Below by taking COMPANY tables as an example, the kernel program such as table 5 of performing module is realized with Python:
Such as Fig. 3, the test data base establishing method for creating system based on above-mentioned test database includes:
Step S1, obtains True Data source, True Data source includes the data of nonnumeric type.Wherein, True Data source
Including data element.
Step S2, source data word frequency base is set up according to True Data source, and source data word frequency base includes data element and number
According to the corresponding word frequency of element.Specifically include:
Step S2-1, the word frequency of analyze data element, the number of times that word frequency reflection data element occurs in True Data source
Number.
Step S2-2, sets up source data word frequency base.
Step S3, sets up test database, and test database includes test data table.Test data includes customer information number
According to test data table includes the table of customer's information of storage customer profile data.

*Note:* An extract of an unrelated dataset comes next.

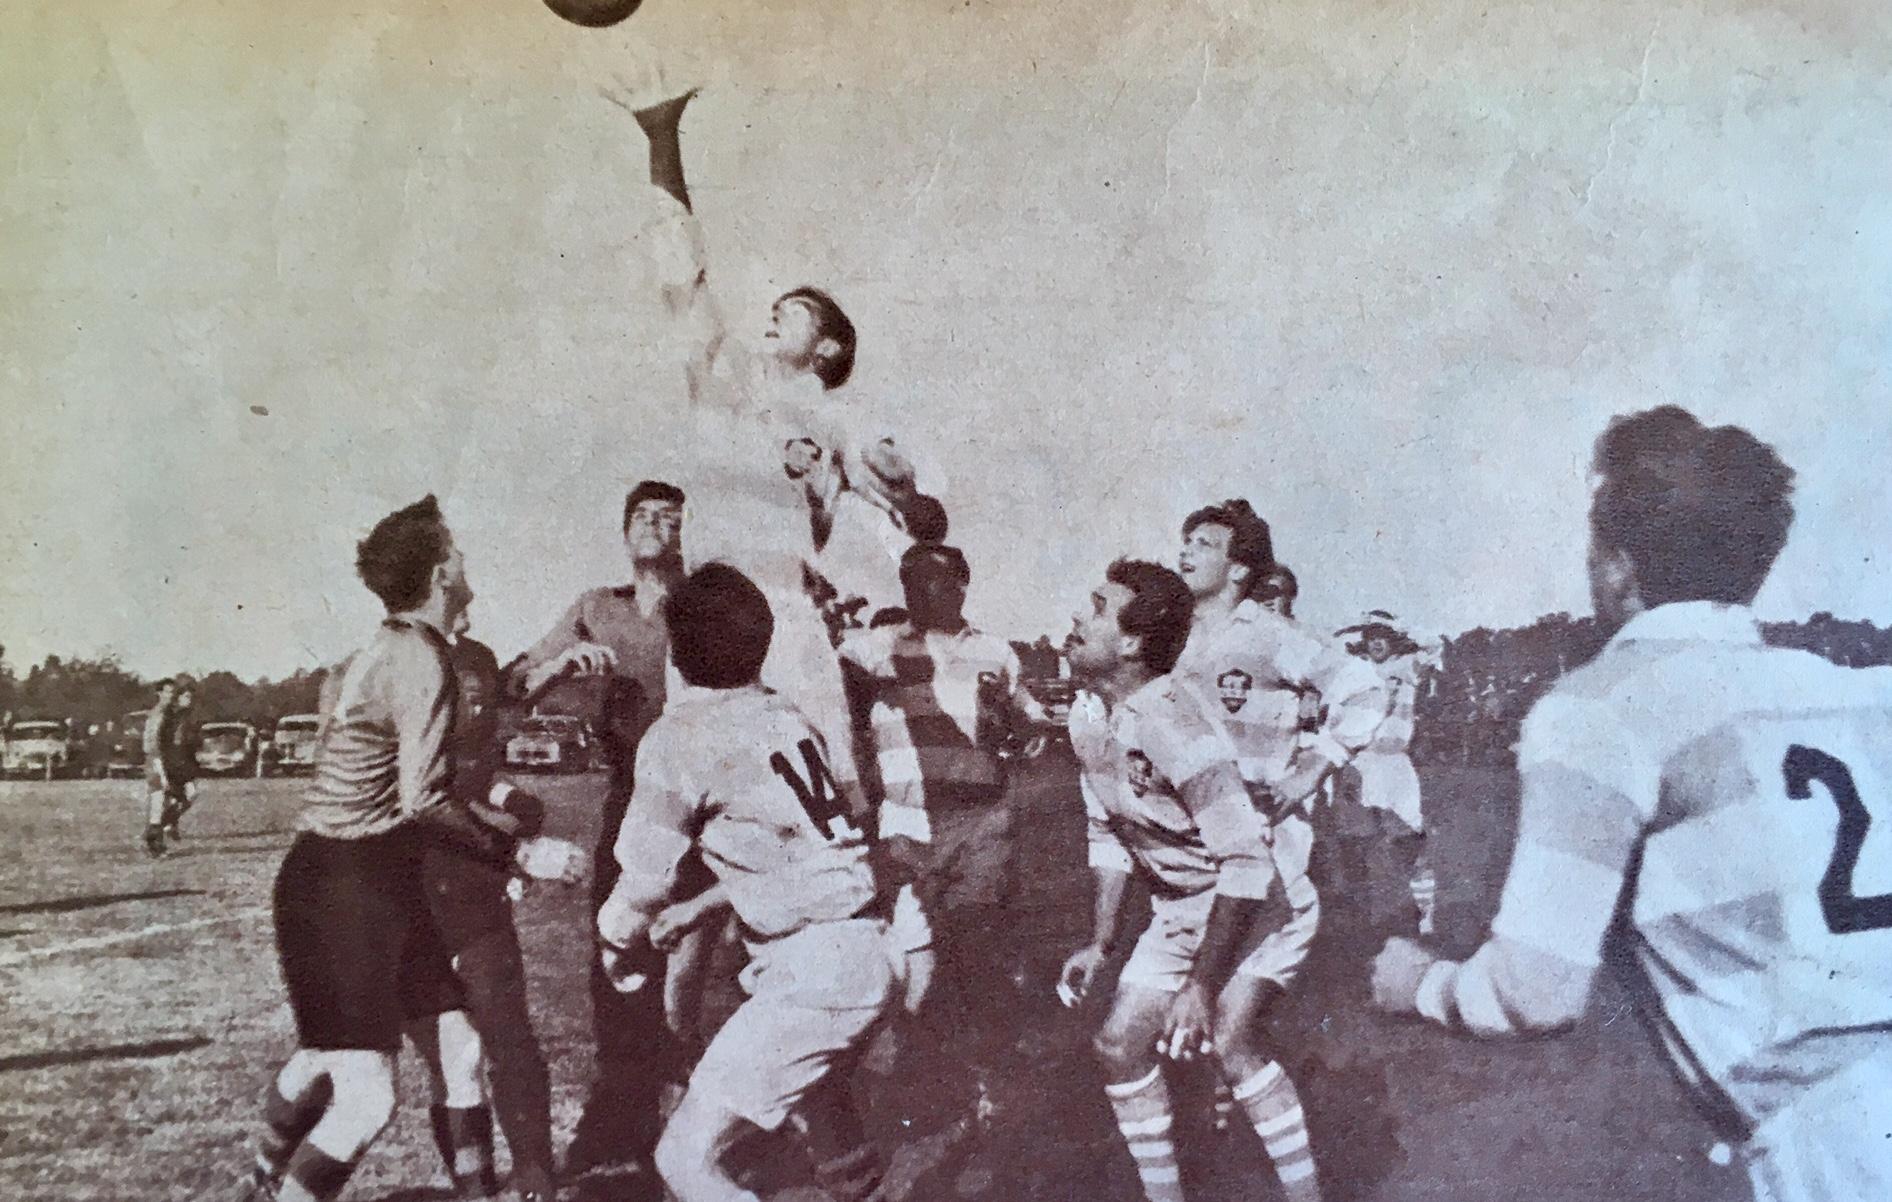 1961 - El rugby se traslada a Montevideo

Step S4, triggers task affairs, task affairs according to the data record renewal generated by source data word frequency base or
Test data is added to test data table.Specifically include:
The word frequency of data element in step S4-1, generation data record set, data record is with data element in source number
It is consistent according to the word frequency in word frequency base.Data record is made up of multiple data fields, and data field includes multiple data elements again
Element composition.Step S4-1 further comprises:
Step S4-1-1, data element is selected from source data word frequency base;
Step S4-1-2, data field is constituted by data element;
Step S4-1-3, data field composition data is recorded;
Step S4-1-4, data record set is added to by data record.
Step S4-2, original data record in data record set is made the input information of task affairs, starts
Task affairs, task affairs update or added test data to test data table.Preferably start transaction in the present embodiment to perform
Affairs.Transaction, which performs affairs, can update or add customer profile data to table of customer's information;Meanwhile, transaction performs affairs energy
Other types task affairs are enough triggered to update or add test data to test data table.

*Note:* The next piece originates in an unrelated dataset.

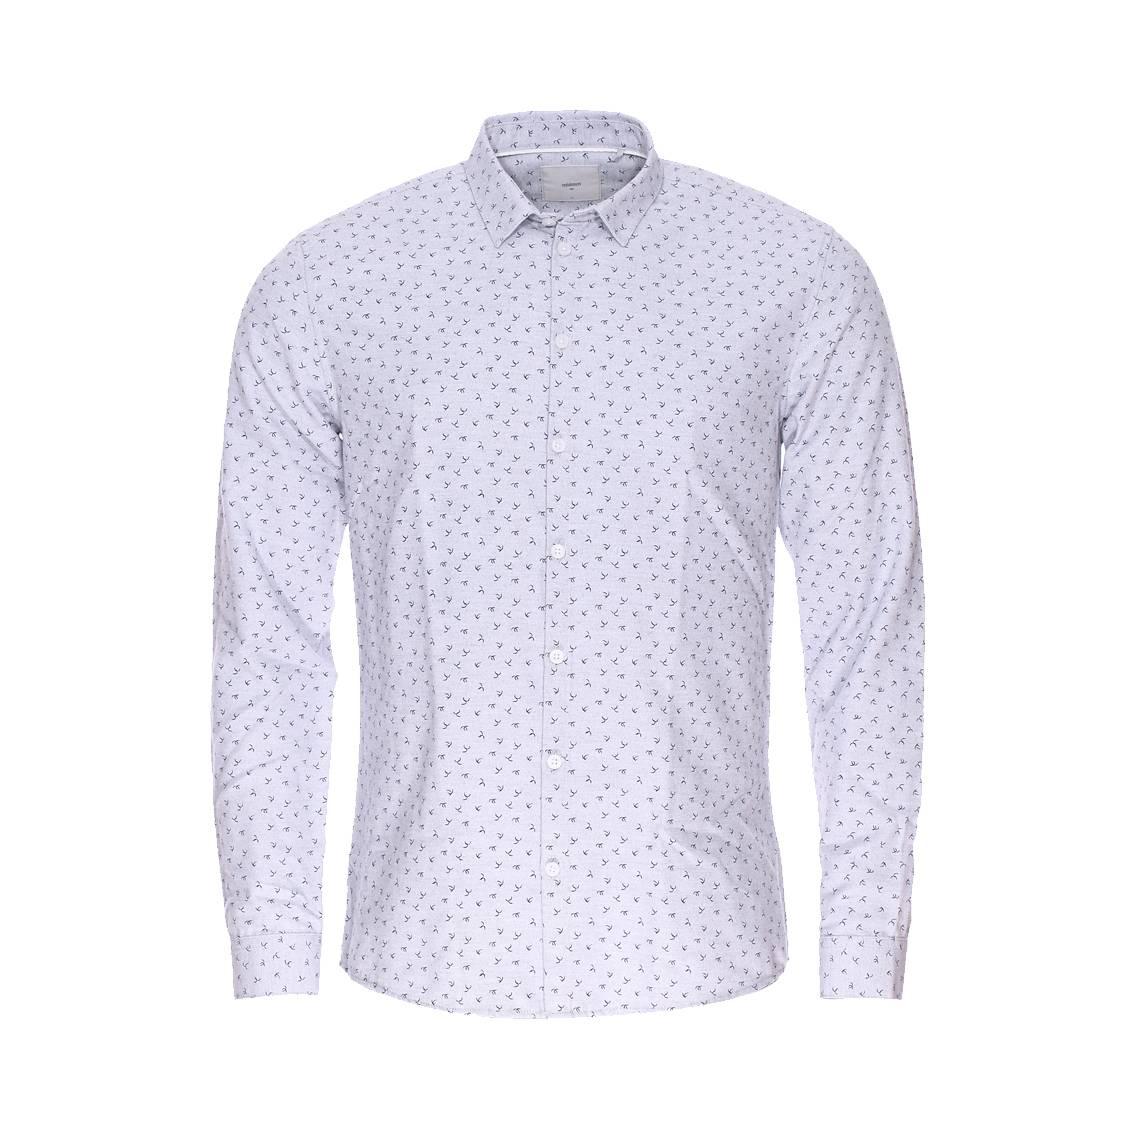 Chemise ajustée Minimum gris clair à petits motifs bleu marine

Step S4-3, judges whether test data table meets preset requirement, terminates if it is satisfied, test database is created,
If be unsatisfactory for, step S4-2 is returned to.Judging the method whether test data table meets preset requirement can be:Judge test
Whether the size of tables of data meets preset requirement;Or can also be:Judge whether test data table meets in step S4-3 to want
The method asked includes:Judge whether the customer profile data in table of customer's information meets preset requirement.
Specific embodiment described herein is only to spirit explanation for example of the invention.Technology neck belonging to of the invention
The technical staff in domain can be made various modifications or supplement to described specific embodiment or be replaced using similar mode
Generation, but without departing from the spiritual of the present invention or surmount scope defined in appended claims.